An infestation of all-or-nothing


I recently read a column by sportswriter Sam Smith in which he was asked for his thoughts about former Oklahoma City Thunder superstar Kevin Durant signing a free agent contract with the Golden State Warriors in order to try to win a championship.

Smith didn’t think the move was uncompetitive or reflected Durant’s fear of losing. He did think it was an example of “the zero sum game that sports has become. You win a title or you are a loser,” Smith wrote. “It’s ridiculous because so many factors out of your control can determine the ultimate success. You cannot measure personal competitiveness and pride just by the scoreboard and the trophy case.”

While many people criticized Washington-native Durant for his choice, I wonder how many of us feel the same in our own lives as we imagine he does. We are all feeling pressure to be at the top of our field and feel that if we’re not, we’re at the bottom.

In many other areas, there is a similar movement toward black-or-white thinking, a feeling of, “I’m right, you’re wrong, and there’s no in between.” Every time I look at the news, I see people yelling at or attacking each other (either verbally or physically) because they disagree, don’t have the same politics or are just different. This all-or-nothing attitude has infested American life.

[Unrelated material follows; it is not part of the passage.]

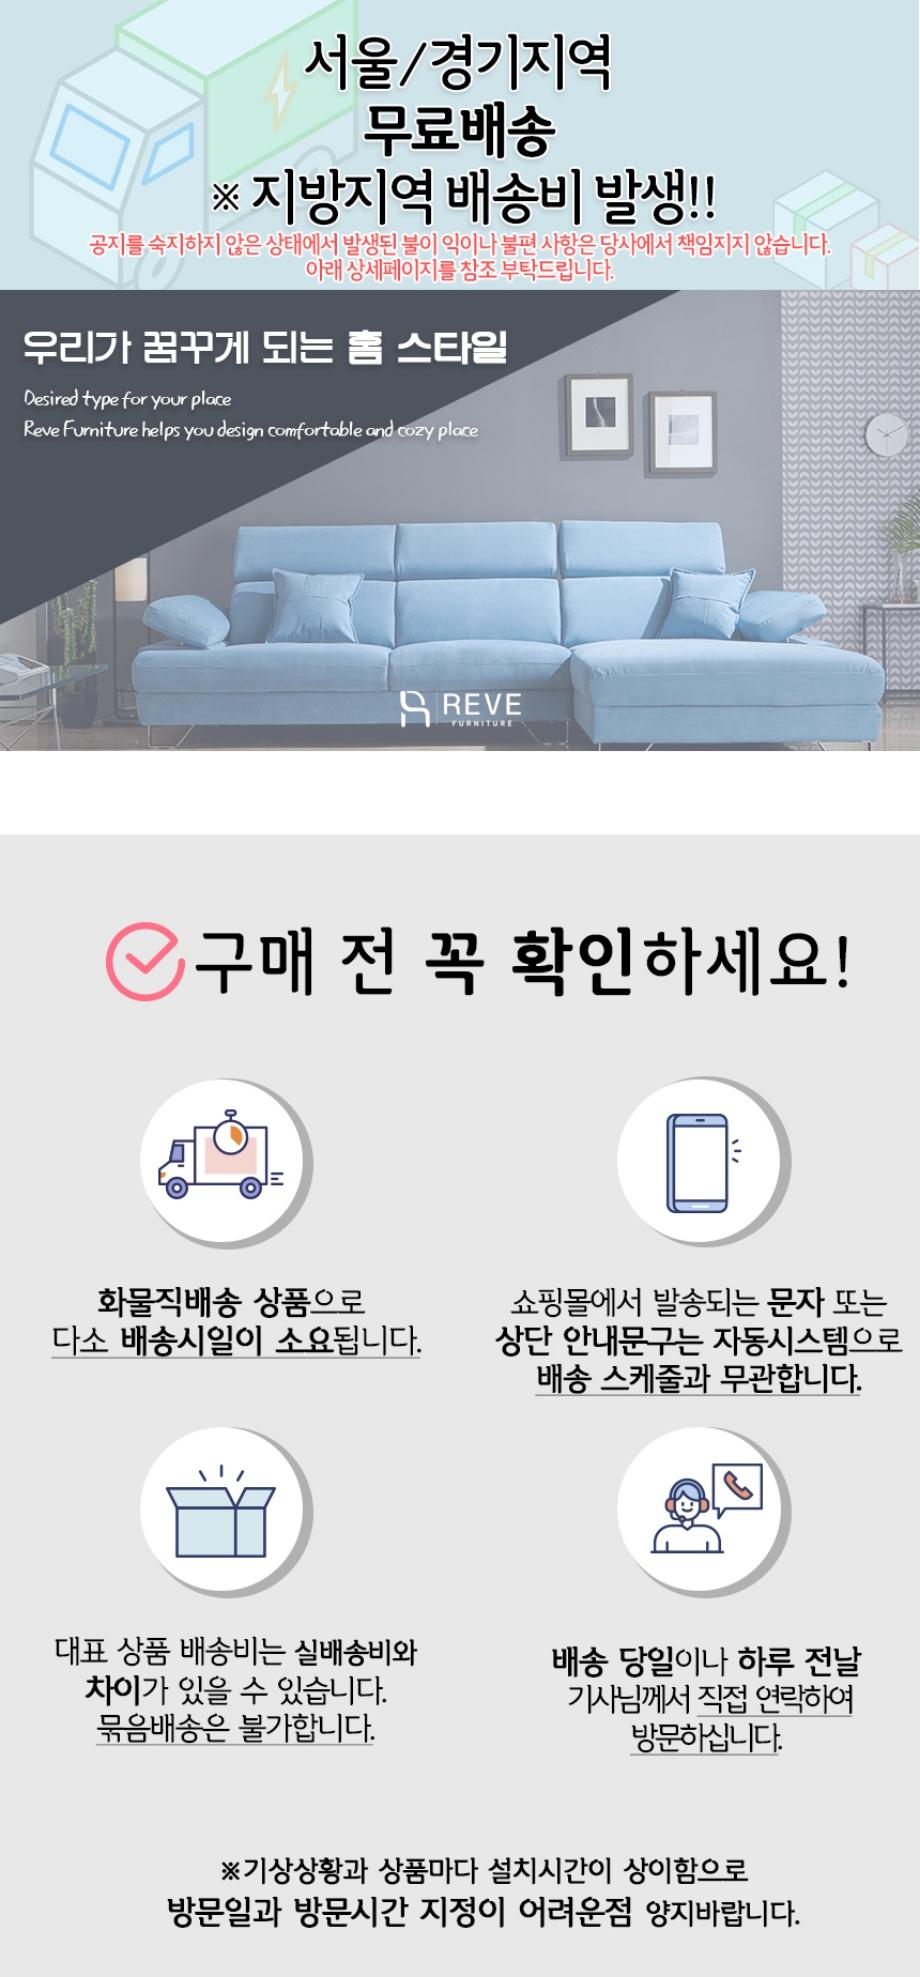 말리부 2인 가죽소파 - 레브, 272,000원, 천연/인조가죽소파, 2인/3인소파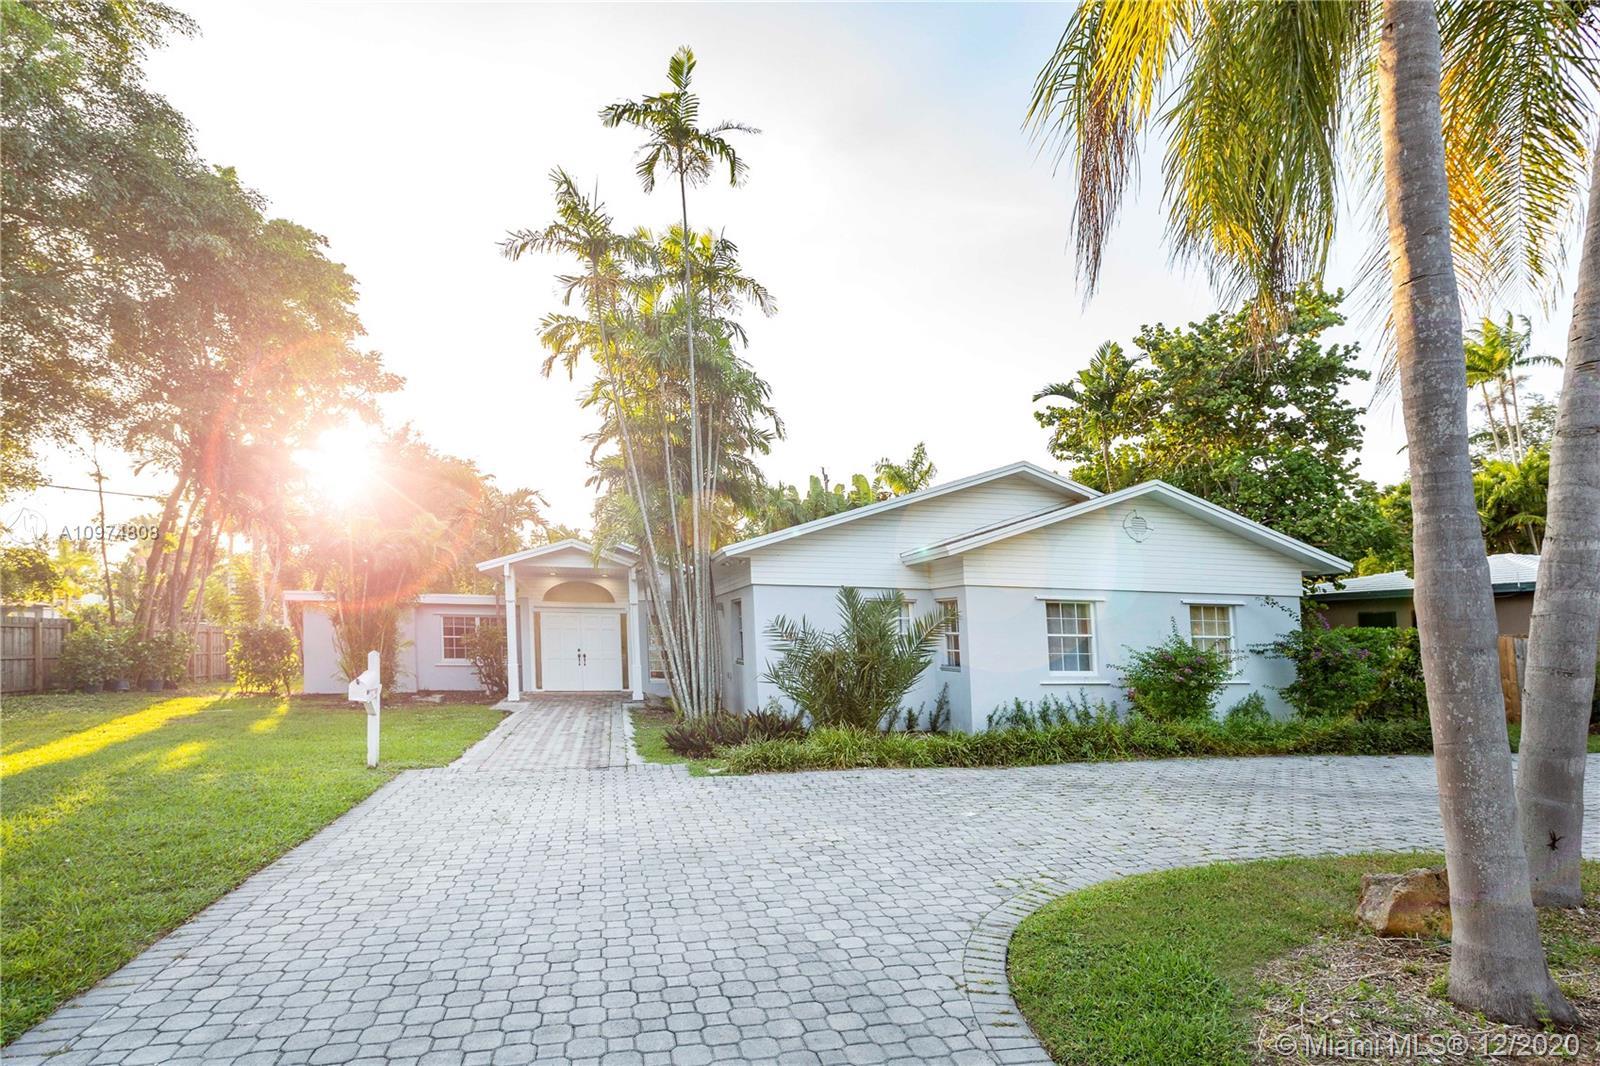 South Miami - 5451 SW 80th St, Miami, FL 33143

All this came to mind as I reflected on this week’s parasha Pinchas. Pinchas, as we know from last week’s reading, murdered an Israelite man who was “bringing close” a Midianite woman during a plague which was caused by just acts.

We were told in last week’s reading that this murder stopped the plague.  This week’s parsha begins with God granting Pinchas a “covenant of peace” and a “covenant of priesthood, because he was zealous for his God and atoned for the Israelites” (Numbers 25:10-13).

Many commentators follow the p’shat, the literal reading, of the Torah and approve of Pinchas’s act; after all, he ended the plague and was rewarded by God. The editors of the “Etz Hayim” Chumash are more hesitant, noting that in the Torah scroll, the yud in Pinchas’ name is written smaller than normal because “when we commit violence, even if justifiable, the yud in us (standing for the name of God and for yehudi, ‘Jew’) is diminished thereby.”

Similarly, the vav in “shalom” is written with a break in its stem to imply “the sort of peace one achieves by destroying one’s opponent will inevitably be a flawed, incomplete peace” (p. 918). In other words, these scholars argue that while Pinchas was rewarded, we should not rush to emulate his example.

Like the editors of “Etz Hayim,” we need to develop our ability to find a middle ground to balance out the either/or feelings noted above. While we may not be the best in the office, we can still find satisfaction in our work; while we may disagree with someone else, there may be merit to what they’re saying; while someone else may be different than us, that doesn’t mean he or she is bad; just because Durant didn’t win a title, doesn’t mean he’s not a great player.

Rabbi Steven Henkin is the director of congregational learning at Congregation B’nai Tzedek in Potomac.